As the commander of Regimental Combat Team 2, II Marine Expeditionary Force, Clardy will lead the men and women of RCT-2 into Iraq in an effort to establish stability among the Iraqi people and Iraqi security forces, while defeating insurgents.

But through it all, he’ll have the memories — memories of Christmas dinner with his family and watching his girls open their presents. Memories of the first Christmas in their new home.

“My wife and I tried to make it as traditional and normal as we possibly could,” Clardy said.

It helps that Clardy believes in his mission to Iraq and so does his family. He believes his Marines and sailors do too.

“The Marines see improvements and are willing to sacrifice their time and their lives,” he said. “When we come back, I’d like for (people) to say we got the job done and that every Marine and sailor made it home safe.”

The group is the advance party of RCT-2 headquarters. Several battalions will follow in the coming months. The deployment marks the third RCT-2 has made to Iraq since the war started in 2003.

“Things are changing a lot in Iraq, I guess, and for the better,” Clardy said. “The unit before us has done a phenomenal job with the Iraqi forces and Iraqi people. We’ll try to build on what they did.”

Many said goodbyes Saturday before their first deployment and for others it marked their third or fourth. But the reality of preparing to leave in the middle of the holiday season was something that was bittersweet. They will miss the turning of the new year with their families.

“It’s the small things that stay with you,” said Annette Griffith before saying goodbye to her husband. “Every year we get a new Christmas ornament for the tree. We try to get something that reflects what is happening with our family. This year, it was a mailbox.”

The mailbox represented the Griffith family’s adventures over recent months as they moved from Connecticut to Jacksonville. They laughed about the challenges of moving just before a deployment and the holidays, like when the moving company lost the halves of both family Christmas trees.

“We had to build one by joining the two together,” said Cmdr.
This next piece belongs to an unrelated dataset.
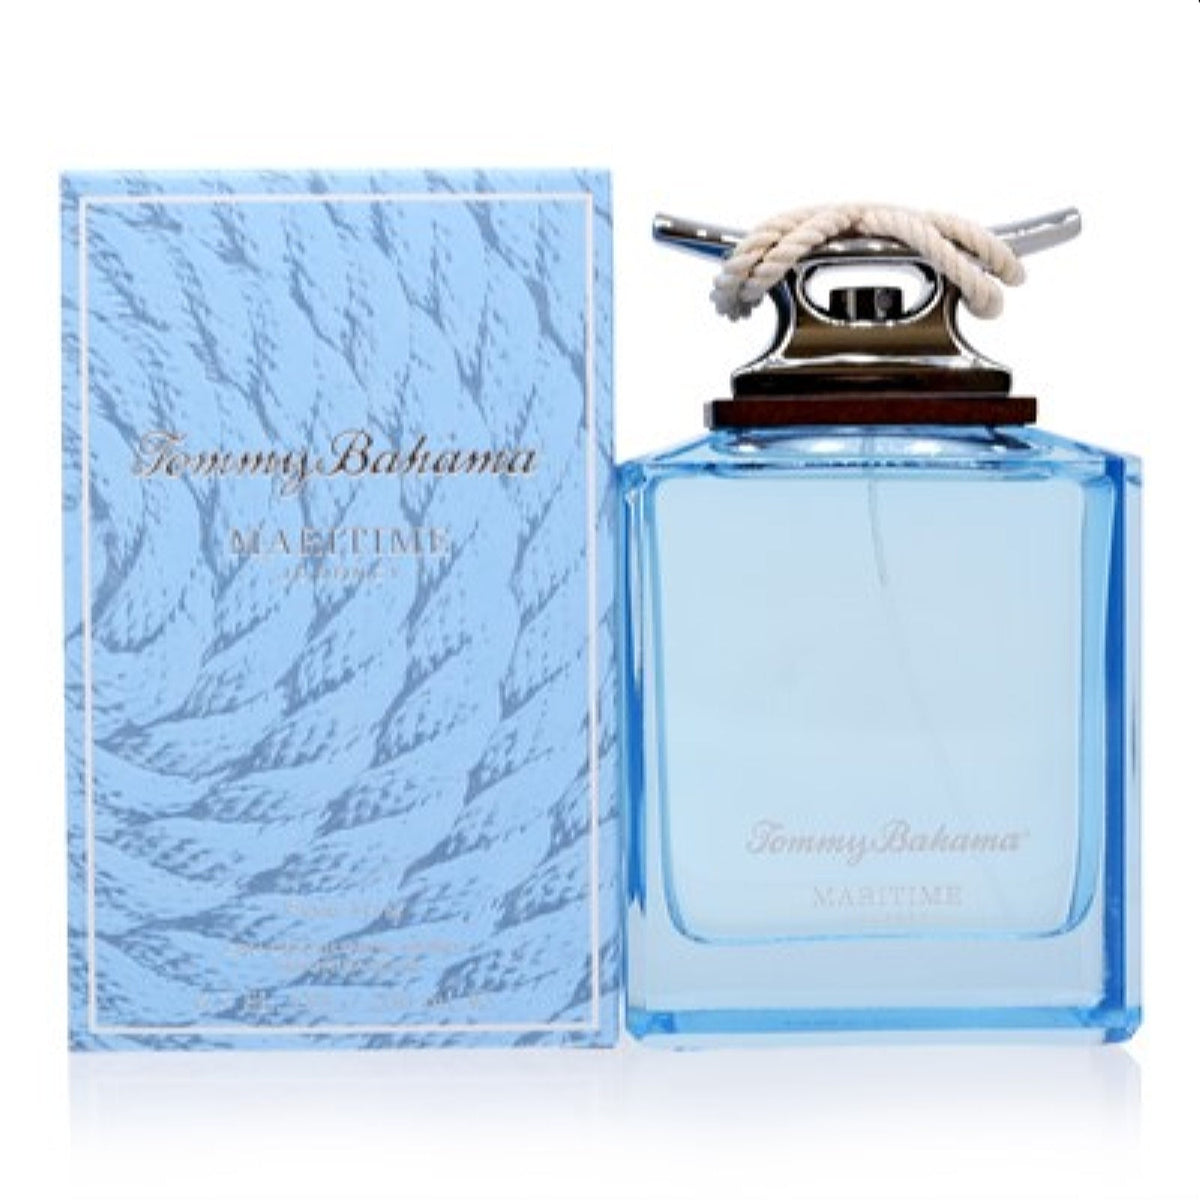 Tommy Bahama Maritime Journey Tommy Bahama Cologne Spray 6.7 Oz (200 Ml) For Men

Harry Griffith, chaplain, between laughs as he headed out for the ninth deployment of his military career.

Griffith’s daughter, Karen, giggled at her favorite memory — trying to construct her bed with her dad despite missing parts. Griffith’s son, Ethan, will hang on to the memory of going to breakfast with his dad.

Similar memories will help the Jessen family with their son’s first deployment.

“We had a big family get-together for Christmas, the whole time was special,” said mother Rhonda Jessen of Maryland. “We all sang and tried to make Adam (Jessen) laugh. We tried to keep it light-hearted.”

Pfc. Adam Jessen’s parents, grandmother, aunt and girlfriend choked back tears with laughter about the silly songs they sing every year, accompanied by various instruments like a tambourine, accordion and bells.

“We tried not to think of him leaving,” said grandmother Betty Shewbridge of West Virginia. “We’ll think of the good times and try to keep the faith.”